Introduction

Football is a team-based speed endurance sport with low-intensity movements and intense actions that include walking, jogging, standing, sprinting, turning, tackling, and jumping [1]. Muscle cells produce reactive oxygen species during exercise [2]. When exogenous and endogenous antioxidants cannot balance reactive oxygen species, the condition is called oxidative stress (OS) [3].

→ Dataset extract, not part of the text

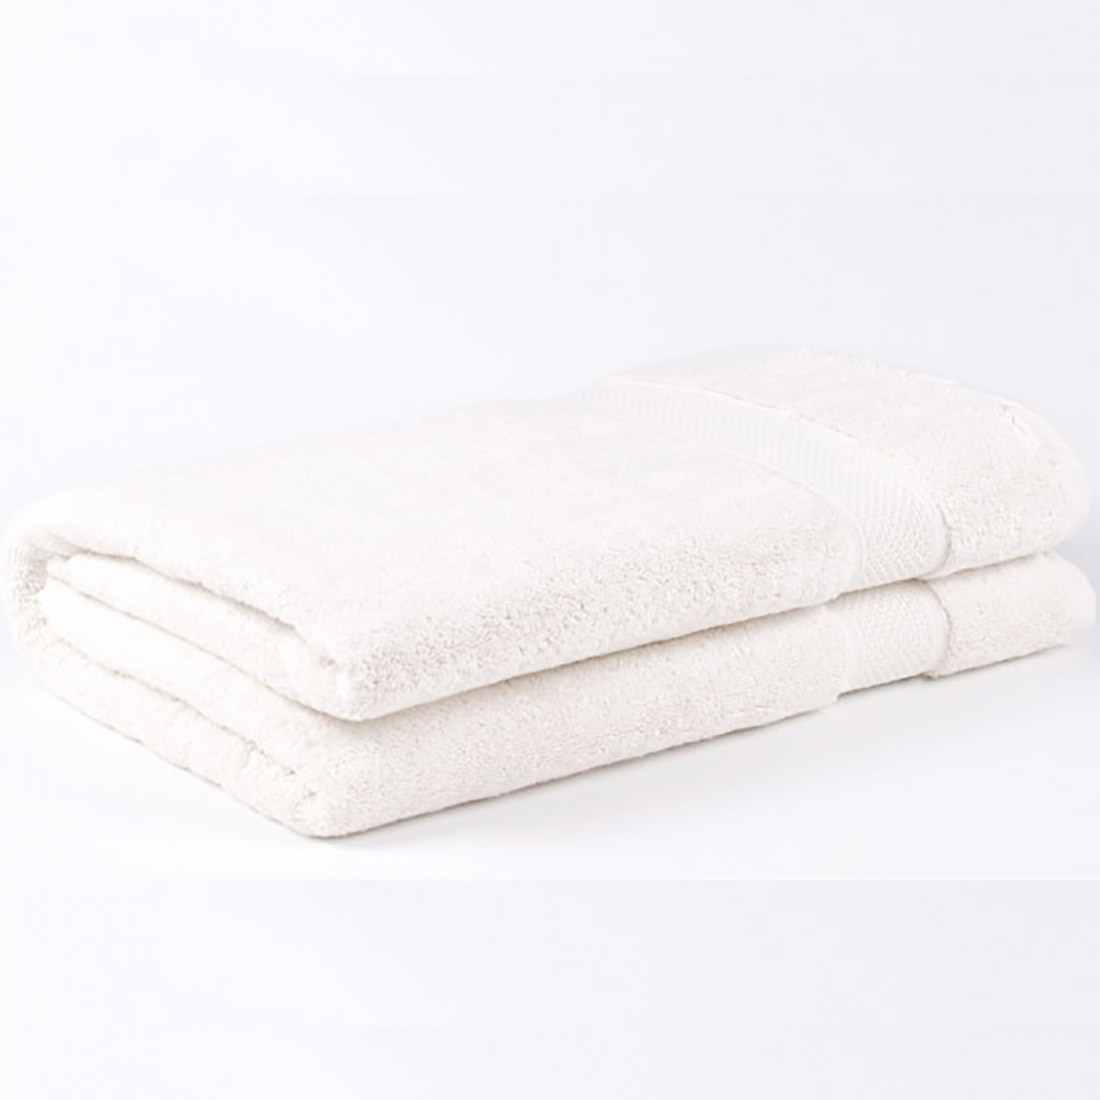 OrganicEra Organic Towel, Bozcaada

Exercise-induced OS can result in damage to deoxyribonucleic acid (DNA), proteins, and lipids, negatively affecting athletic performance and recovery [4]. Two reliable biomarkers of OS are 8-hydroxy-2’-deoxyguanosine (8-OHdG), a biomarker of DNA nucleobase modifications by hydroxyl radicals [5], and F2alpha-isoprostane (F2a-IP), a biomarker of peroxidation of arachidonic acid by free radicals [6]. Earlier studies have indicated that urinary excretions of F2a-IP and 8-OHdG are associated with factors such as gender, age, smoking, body mass index (BMI), exercise, and diet [7]. Increased concentrations of 8-OHdG have been implicated in several diseases including cardiovascular disease, diabetes, some cancers, etc. [5, 7, 8], and various methods are available for DNA damage screening [9, 10], and this biomarker is just one of them. Also, an increase in F2a-IP concentrations has been reported in diabetes, chronic kidney diseases, cardiovascular disease, some cancers, age-related diseases, etc. [7].

In sports, food is one of the main factors affecting health, performance, and recovery [11, 12]. Since food ingredients are consumed together in a usual diet, they may interact in inhibitory or synergistic ways. Therefore, the assessment of a whole diet appears more beneficial than the assessment of a single ingredient [13,14,15].

Diet quality is defined as an individual’s dietary adequacy and adherence to dietary guidelines [16, 17], which is also related to the risk of chronic diseases [18]. Diet quality provides a broader image of the whole diet (food and nutrient consumption). Therefore, measuring diet quality indices is useful for predicting the association between a whole diet and health consequences [13, 19]. It has been reported that oxidative balance is related to the quality of the diet [13, 20]. In this regard, to prevent the harmful effects of OS and subsequently improve the performance of footballers, they are encouraged to consume a high-quality diet with sufficient calories, macronutrients, and micronutrients [21, 22].

The Healthy Eating Index (HEI) and the Dietary Quality Index-International (DQI-I) are two common tools for assessing diet quality. The HEI-2015 (the latest version of the HEI) is based on the key recommendations of the 2015–2020 Dietary Guidelines for Americans [23, 24]. Additionally, the DQI-I was developed based on international dietary guidelines [25], and previous studies have demonstrated that the HEI and DQI-I can be used to evaluate the quality of the Iranian diet [26].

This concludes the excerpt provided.